Local Red Cross volunteers leave to help in Earl aftermath

By Stefano DiPietrantonio – bio |email|Facebook

CINCINNATI, OH (FOX19) - Red Cross volunteers from our area have taken off, heading toward the northeast coastline, with supplies stocked and ready.

FOX19 was there as a crew left to help out in the aftermath of Hurricane Earl. The Red Cross has 700 chapters all over the US. And like the Cincinnati chapter, each one will be sending emergency response vehicles to the coast, bracing for Earl's wrath.

The Red Cross is "always there". And we caught up with one man who's "been there - done that", over the course of 18 years.

And unlike the weakening Hurricane Earl, he shows no signs of slowing down.

Ron Bonhaus has been volunteering with the Red Cross nearly 18 years.

"Originally started out with the floods in 1993 in the Midwest," Bonhaus said. "Every disaster has its own personality."

"You never know what to expect when you get there and obviously," he said. "Some are more severe than others."

Bonhaus is retired now and in the eyes of the Red Cross, an "ideal" volunteer, with plenty of time to spare. But for others still working full-time, the local director praised the volunteer's employers.

"That our employers out there, letting these volunteers go, letting them go to help their neighbors, help their fellow Americans, we think is an amazing act," said Ron Hakes, Director of Emergency Services for the Cincinnati region.

The typical deployment for relief workers is anywhere from 2 to 3 weeks, depending on the size of the disaster.

"They're all a surprise and sometimes when we don't have the casualties or mass confusion," Bonhaus said. "Those are pleasant surprises."

Ben Gifford is also going on the mission with Bonhaus. He's been volunteering since 2005, which a record-setting year with the most hurricanes in one season, where names like Katrina, Wilma and Rita will never be forgotten.

"We're ready to go," Hakes said. "We're ready to respond to these disasters."

Hakes said this year looks ominously similar.

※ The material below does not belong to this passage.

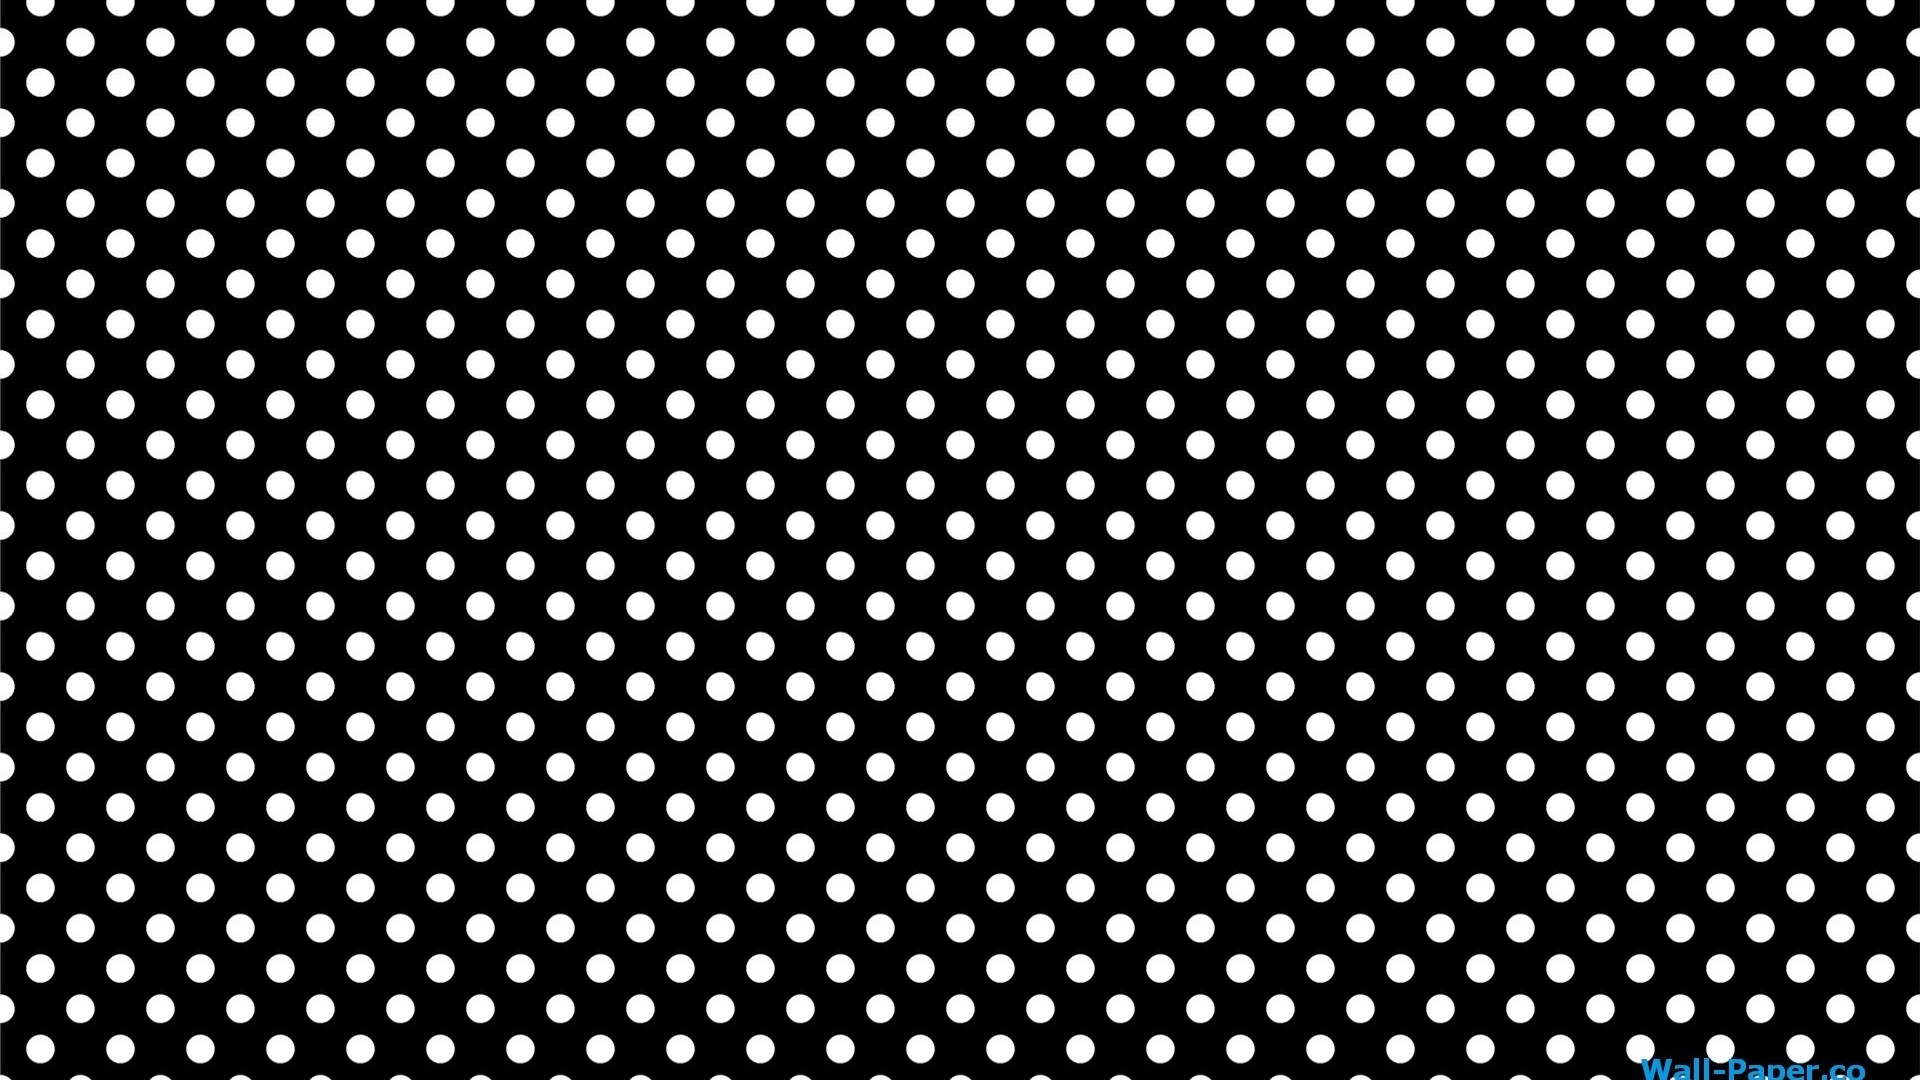 HD Polka Dot Wallpaper (54+ images)

"You see storm after storm lining-up," Hakes said. "I think this ocean is very, very warm, so we're kind ripe for these storms."

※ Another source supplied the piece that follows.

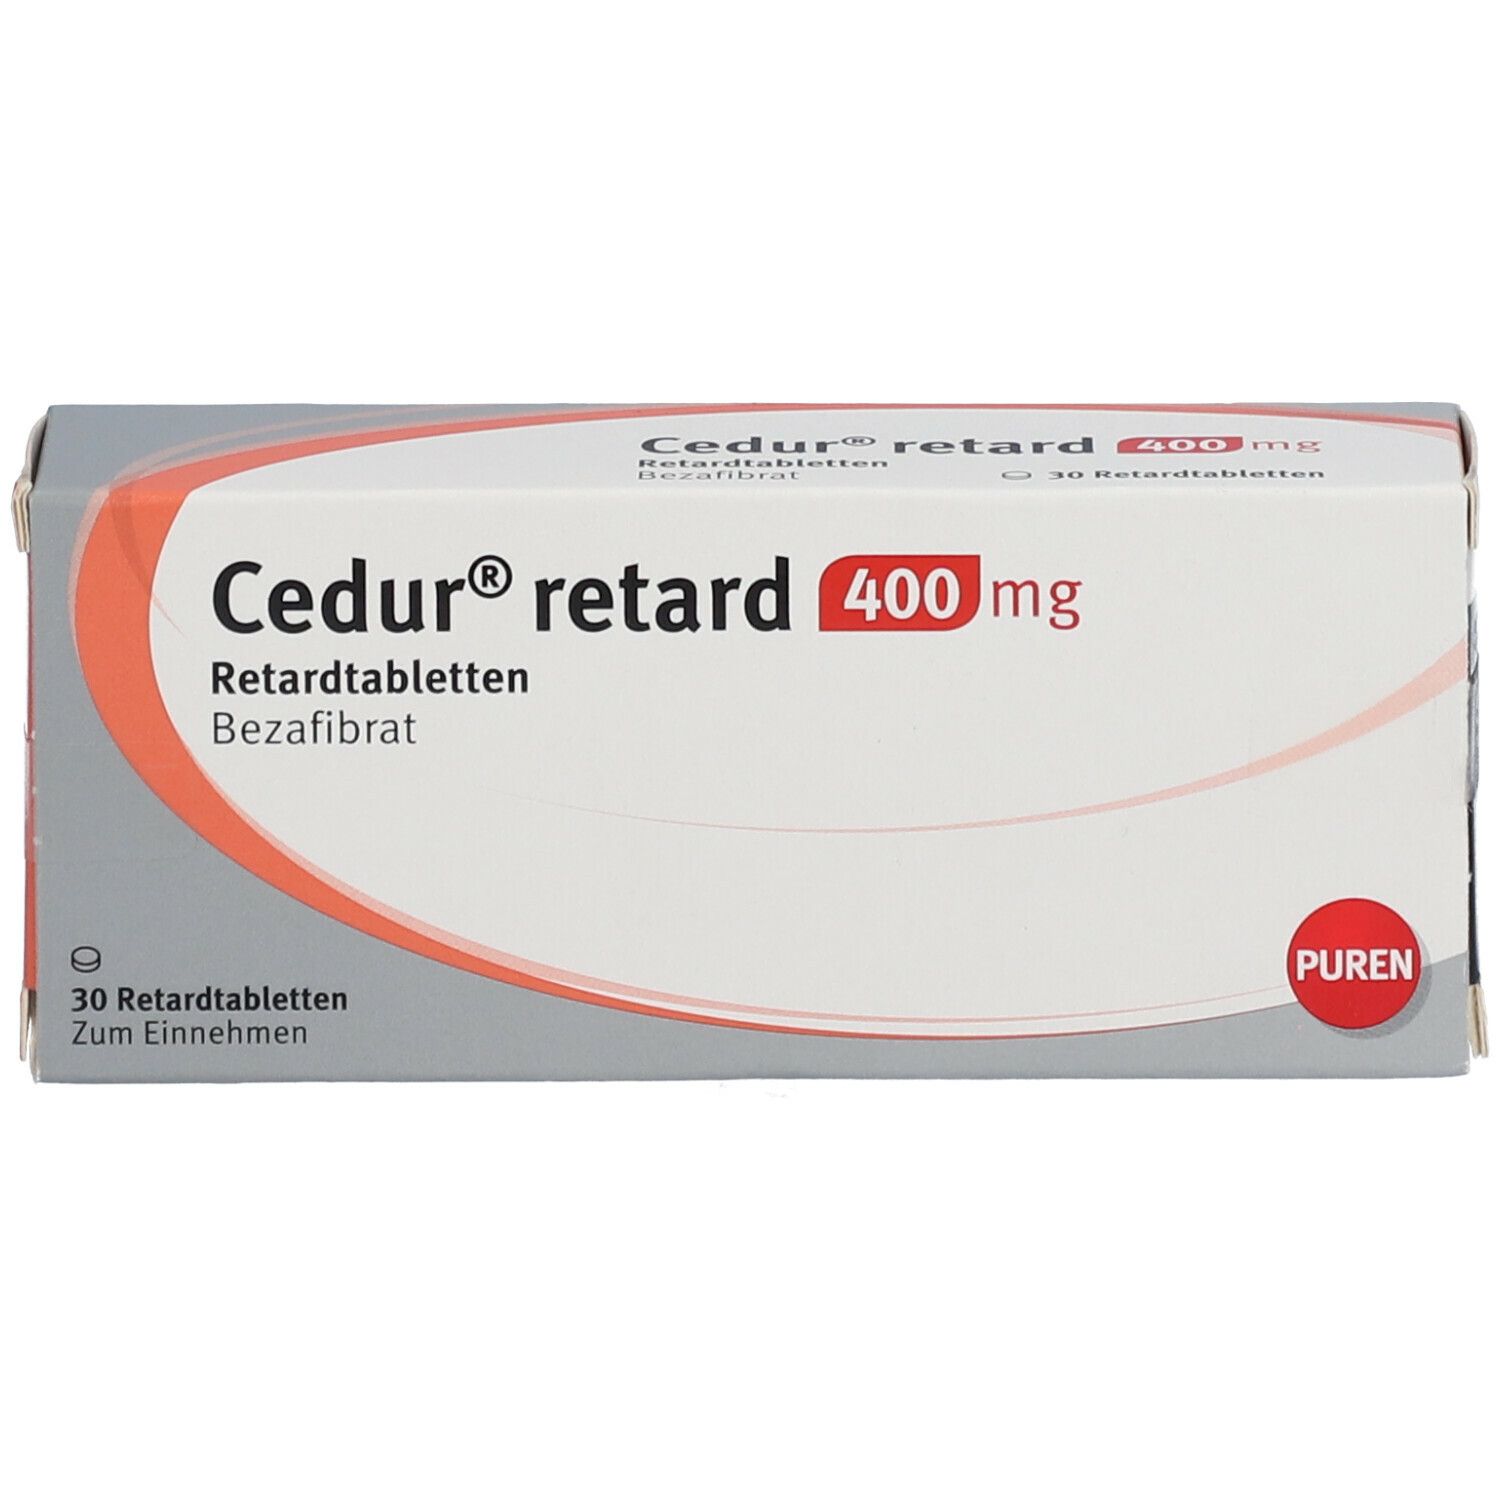 Cedur® retard 400 mg

Hakes said the Red Cross will stage about a hundred emergency response vehicles in Massachusetts.

"I think we have 10 E.R.V.S. that'll be going from the State of Ohio."

Crews go out with skeleton supplies.

"They're called "cambers", they're for both drink and for feeding," Hakes said of the containers aboard the local response vehicle. "They go out empty, as soon as they arrive they're sterilized and this becomes part of the mobile kitchen operation."

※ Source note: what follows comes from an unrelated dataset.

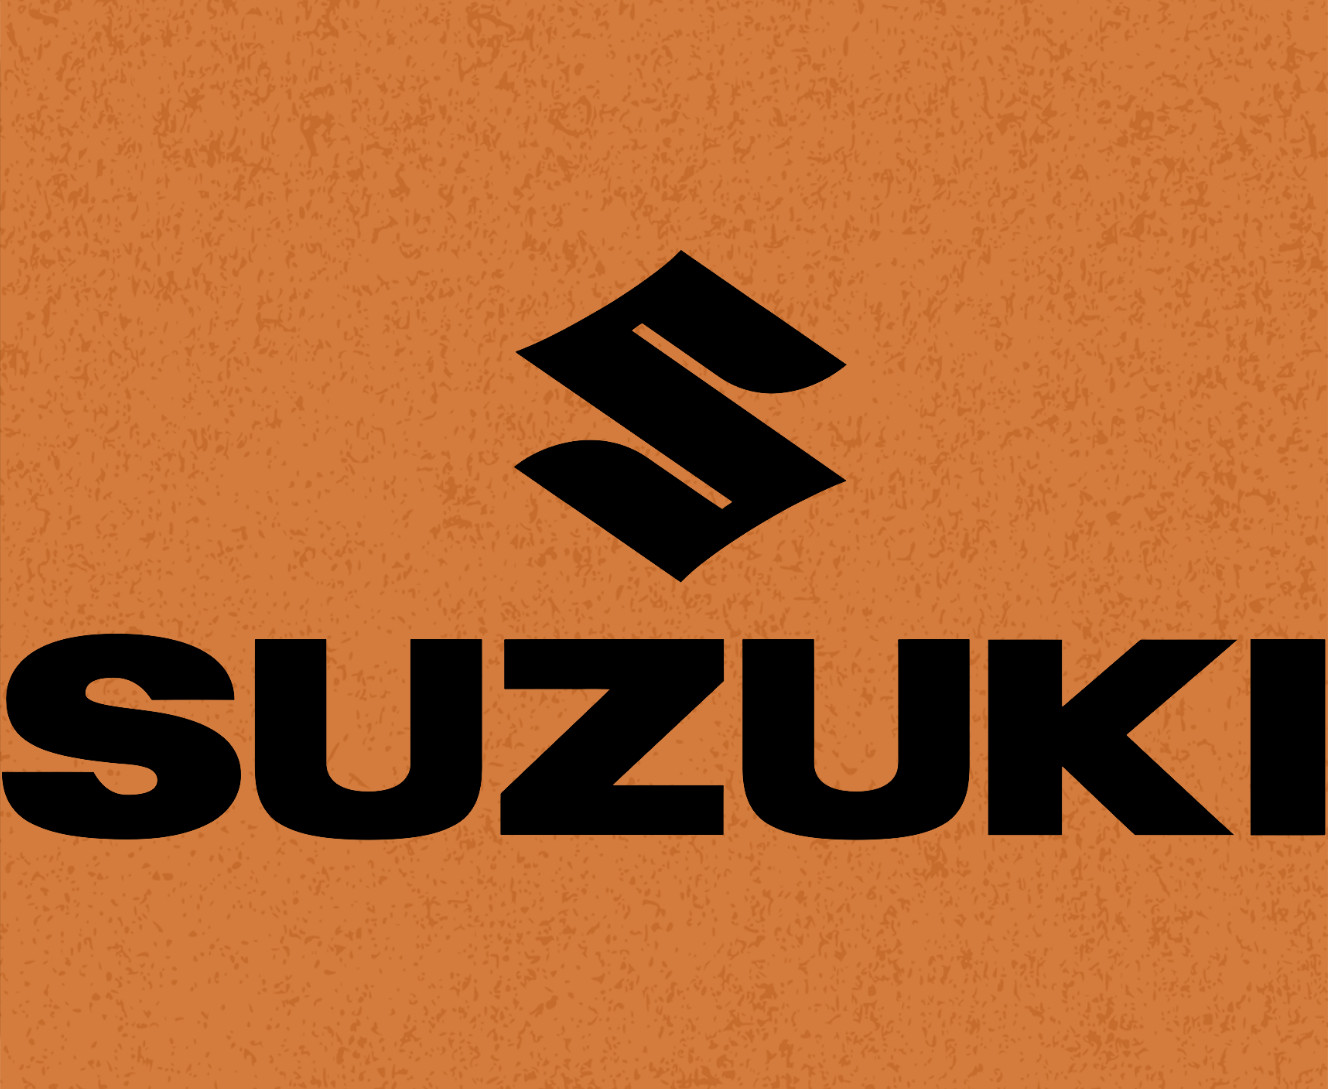 Suzuki - Mouse Pad - SUZUKI - LOGO 2 - Mfest

People's homes may remain intact after the storm hits, but the infrastructure may not hold-up.

"They won't have power," Hakes said. "They won't have a lot of resources."

There are eight emergency response vehicles heading to the northeast from Indiana as well.

Peggy Stahr with the Red Cross in Dearborn and Ohio counties said their emergency response vehicle has not been called out yet, but it could be, depending what happens over the next few days.